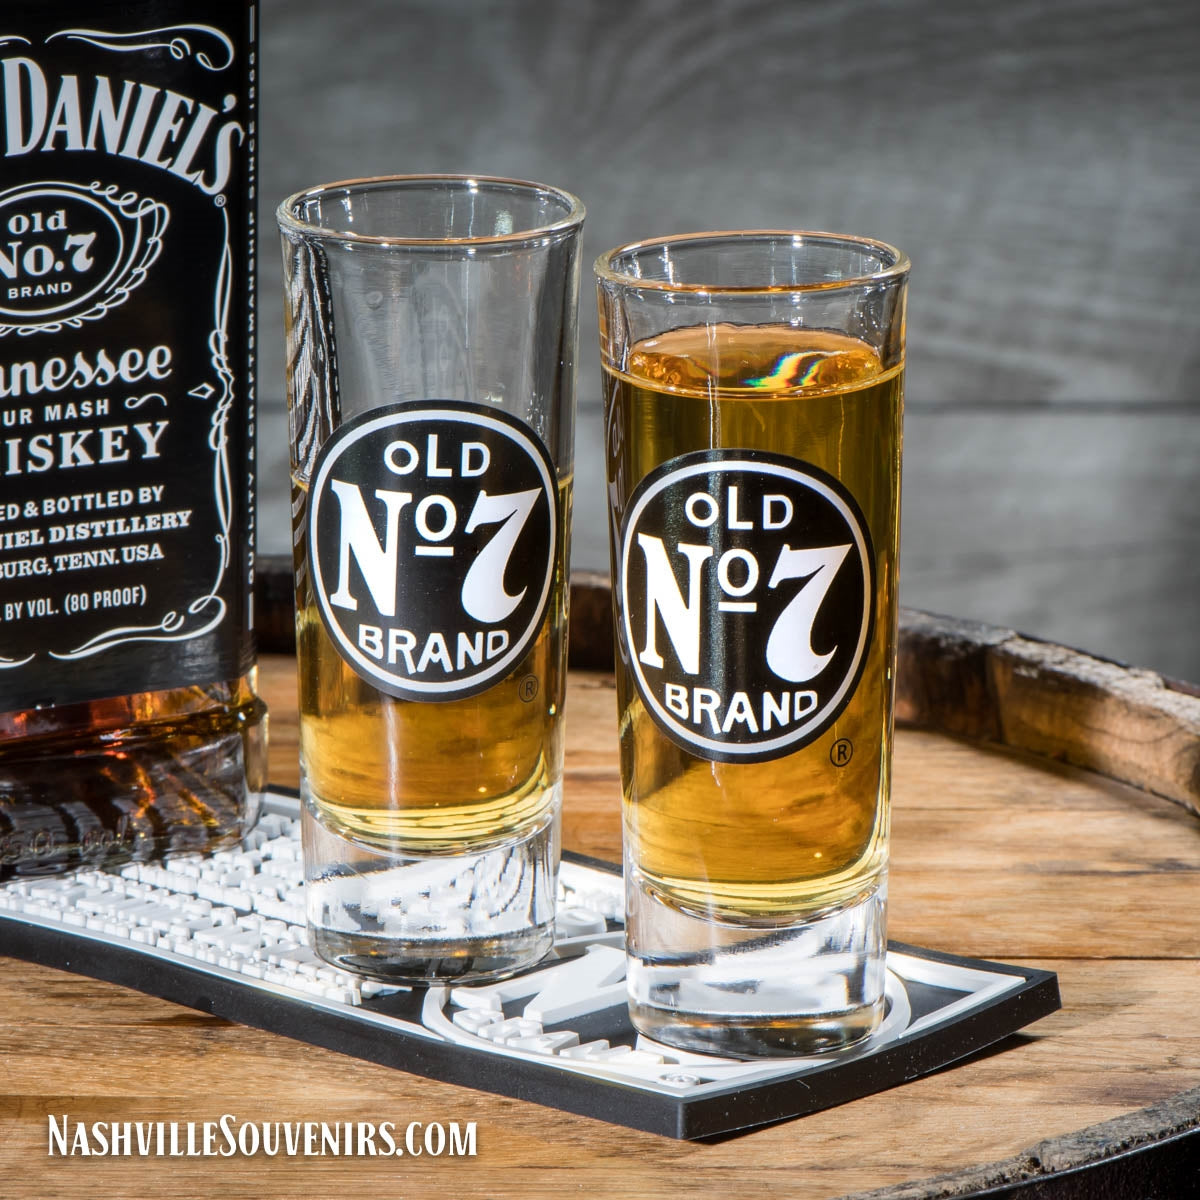 This officially licensed Jack Daniel's Old No.7 shooter set will add a nice touch to your home bar. This JD shooter set is one you'll want to add to your Jack Daniel's barware collection. The shooter glasses are the perfect resting place for 2 ounces of Tennessee Whiskey.
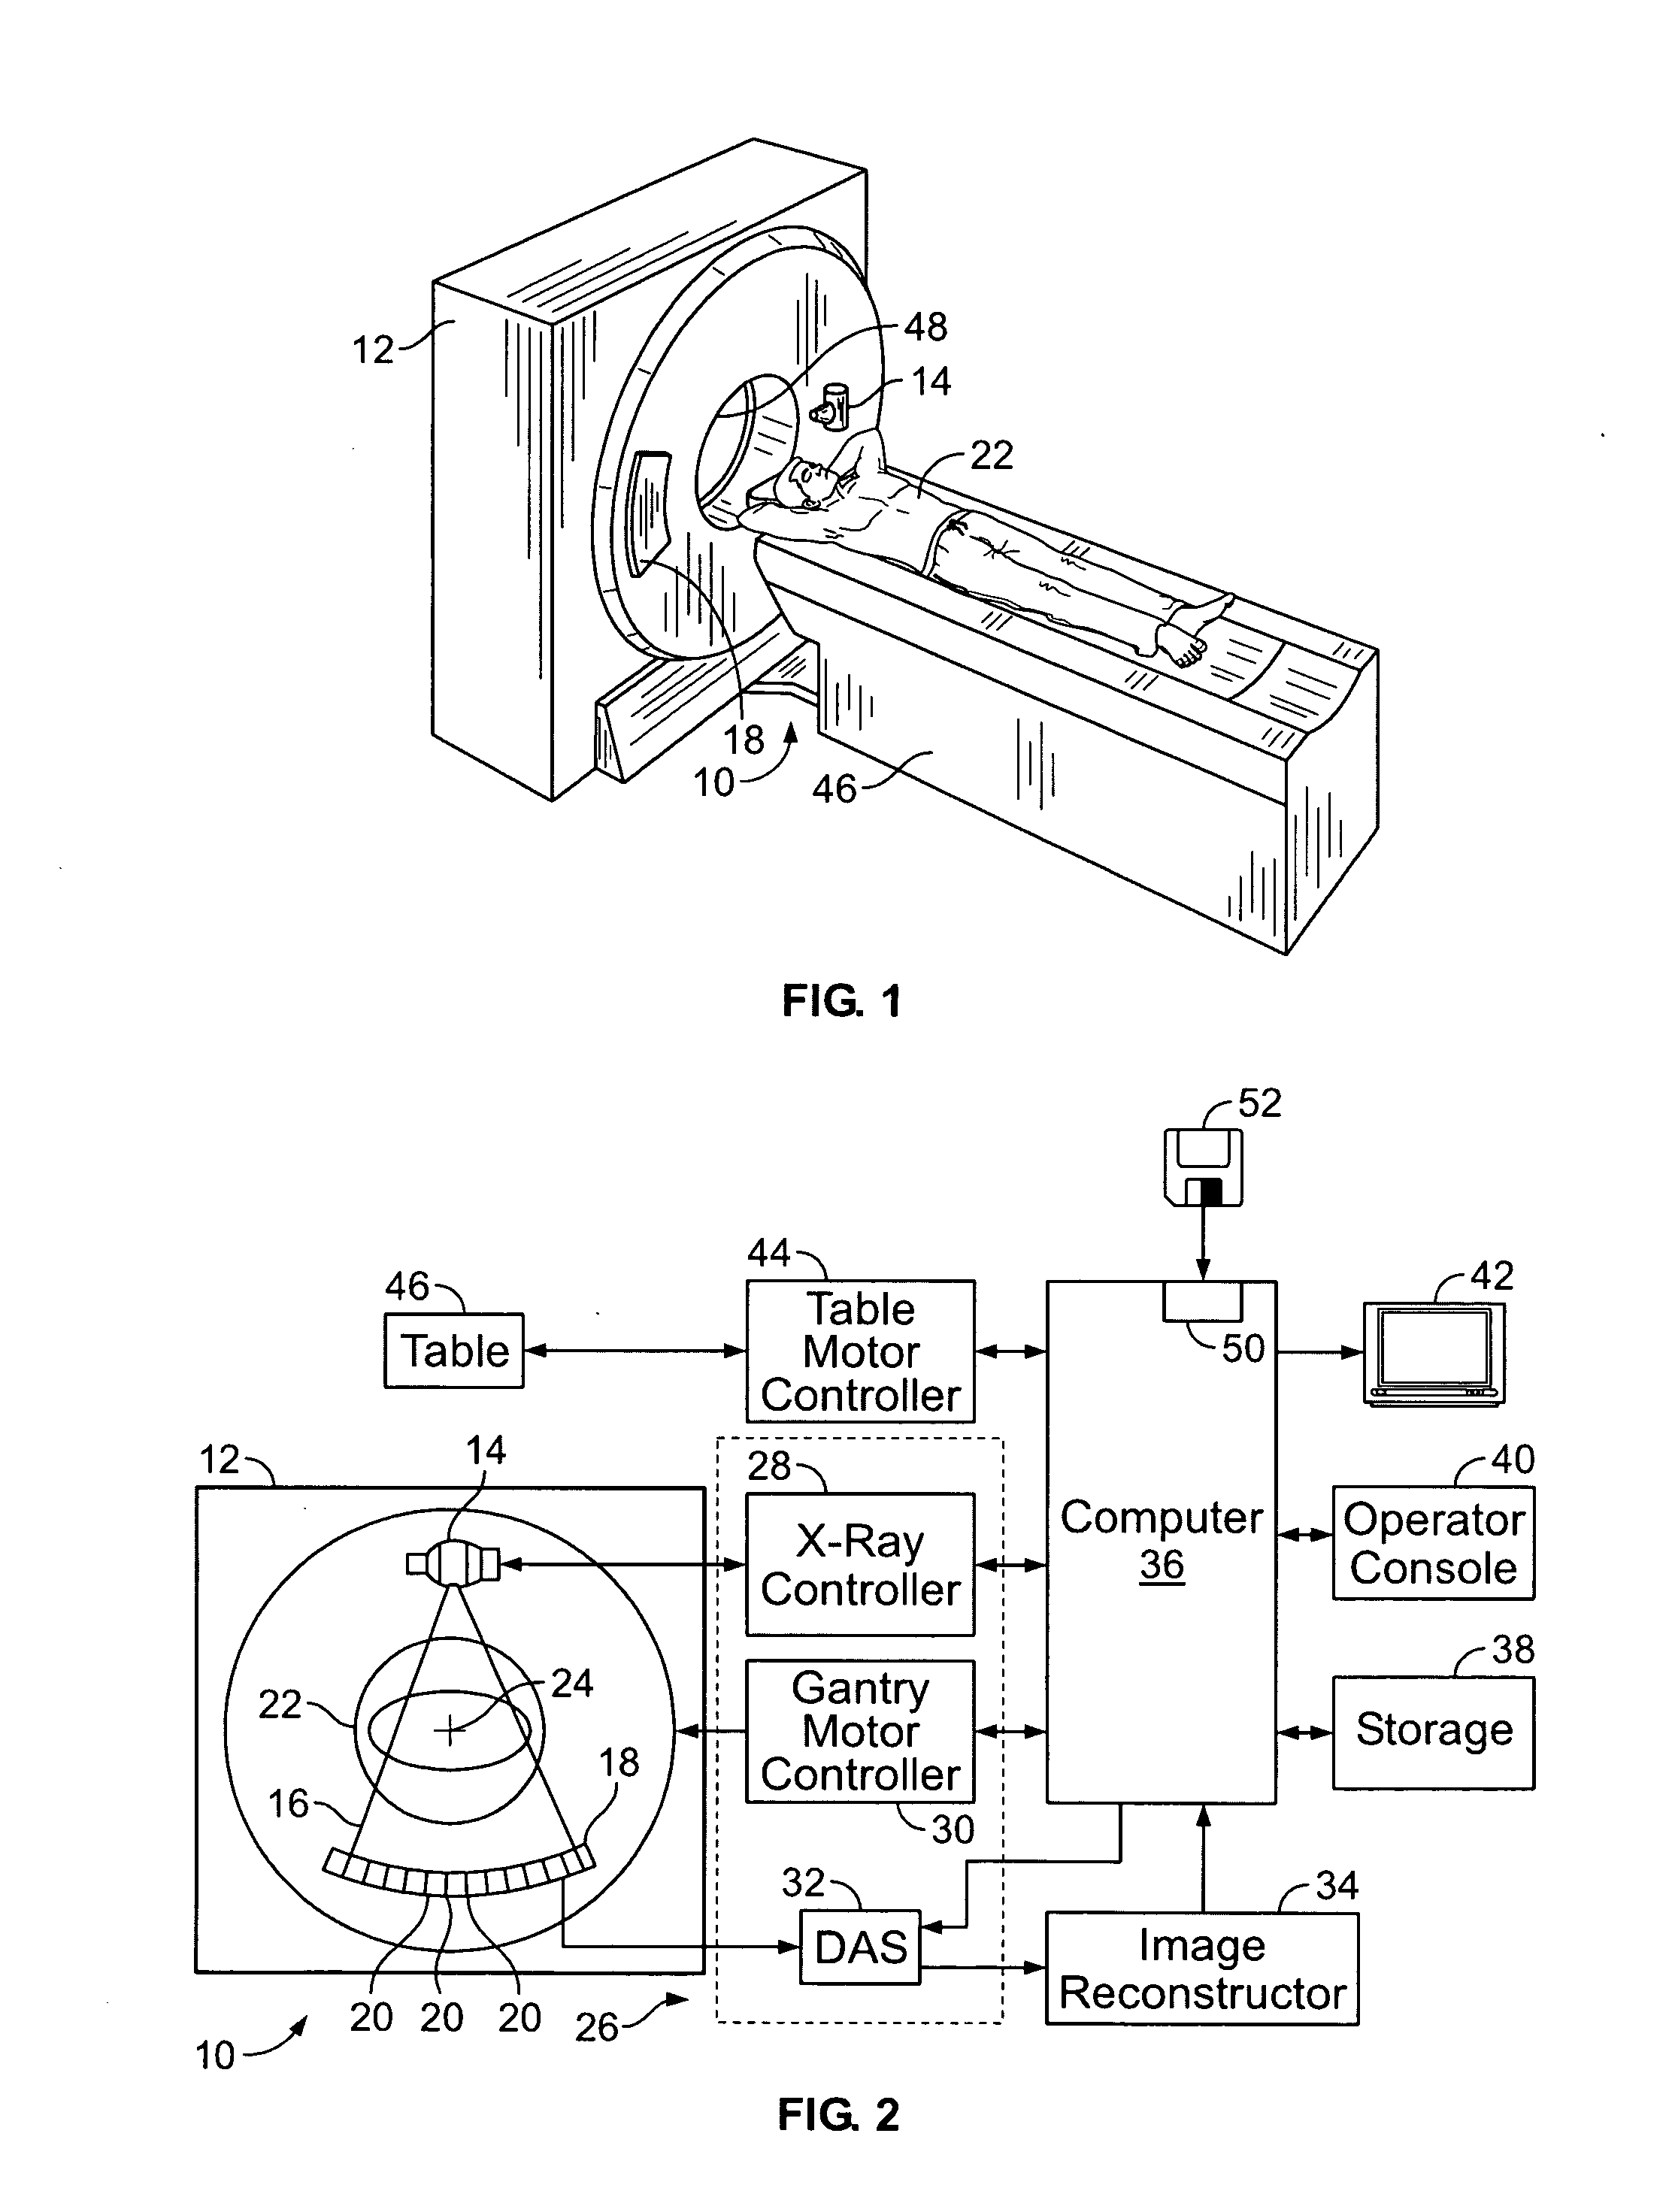 Method and apparatus for field-of-view expansion of volumetric CT imaging
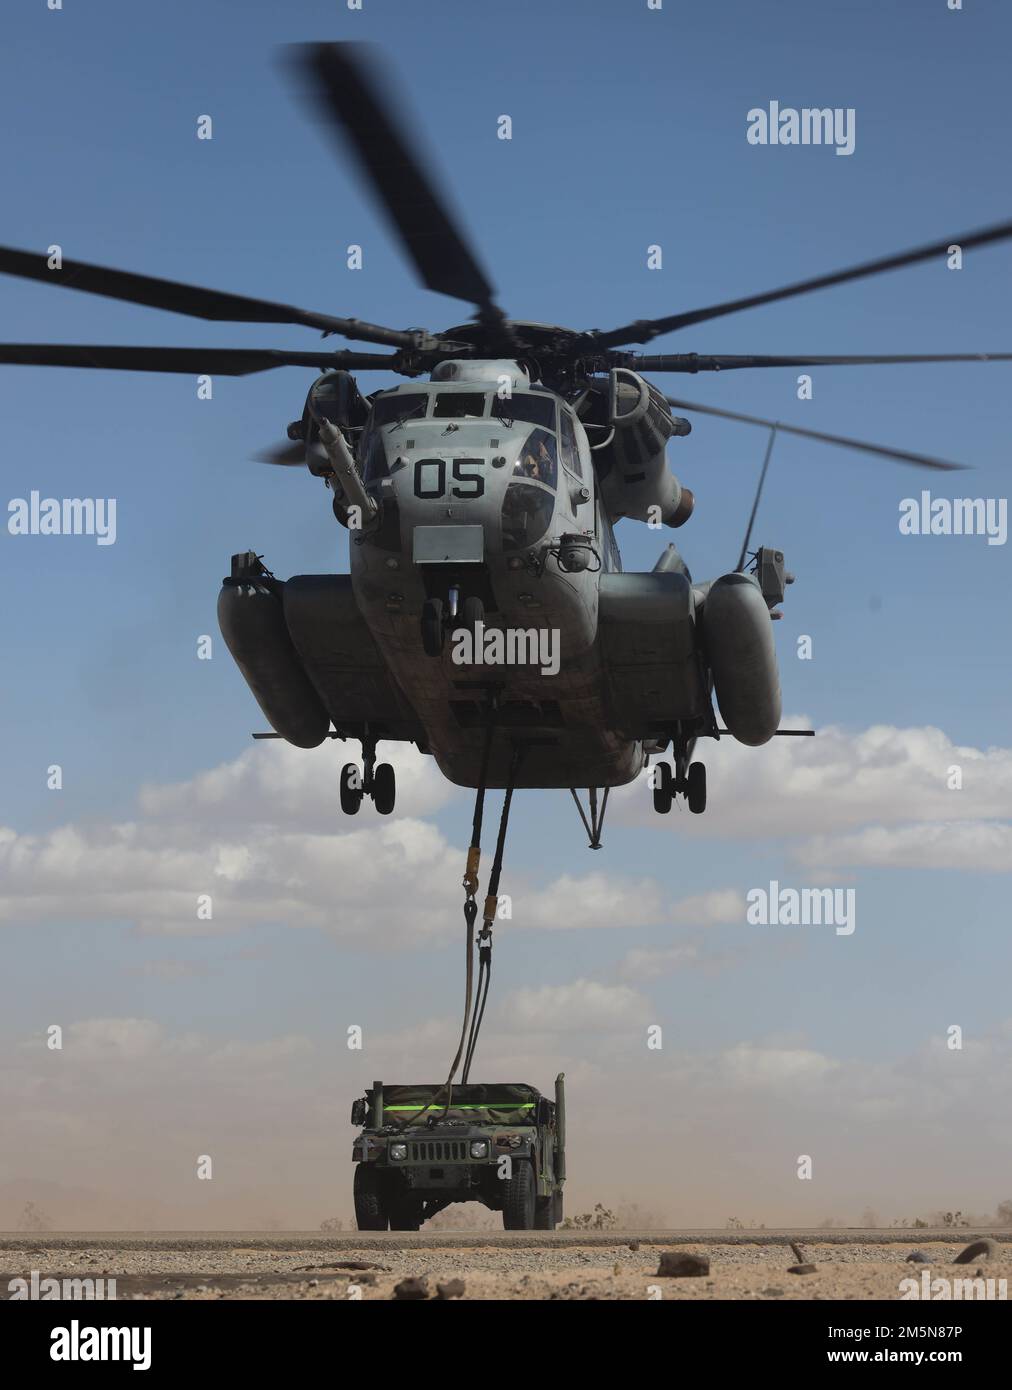 A U.S. Marine Corps CH-53E Super Stallion aircraft, assigned to Marine Aviation Weapons and Tactics Squadron One (MAWTS-1), conducts an external lift exercise during Weapons and Tactics Instructor (WTI) course 2-22, at Auxiliary Airfield II, near Yuma, Arizona, March 29, 2022. WTI is a seven-week training event hosted by MAWTS-1, providing standardized advanced tactical training and certification of unit instructor qualifications to support Marine aviation training and readiness, and assists in developing and employing aviation weapons and tactics. Stock Photo

Problem ->
Here the lines from the one containing "Method and apparatus" through the end of the material are to be copied exactly, with the pictures omitted.

Written solution ->
 Method and apparatus for field-of-view expansion of volumetric CT imaging
 A U.S. Marine Corps CH-53E Super Stallion aircraft, assigned to Marine Aviation Weapons and Tactics Squadron One (MAWTS-1), conducts an external lift exercise during Weapons and Tactics Instructor (WTI) course 2-22, at Auxiliary Airfield II, near Yuma, Arizona, March 29, 2022. WTI is a seven-week training event hosted by MAWTS-1, providing standardized advanced tactical training and certification of unit instructor qualifications to support Marine aviation training and readiness, and assists in developing and employing aviation weapons and tactics. Stock Photo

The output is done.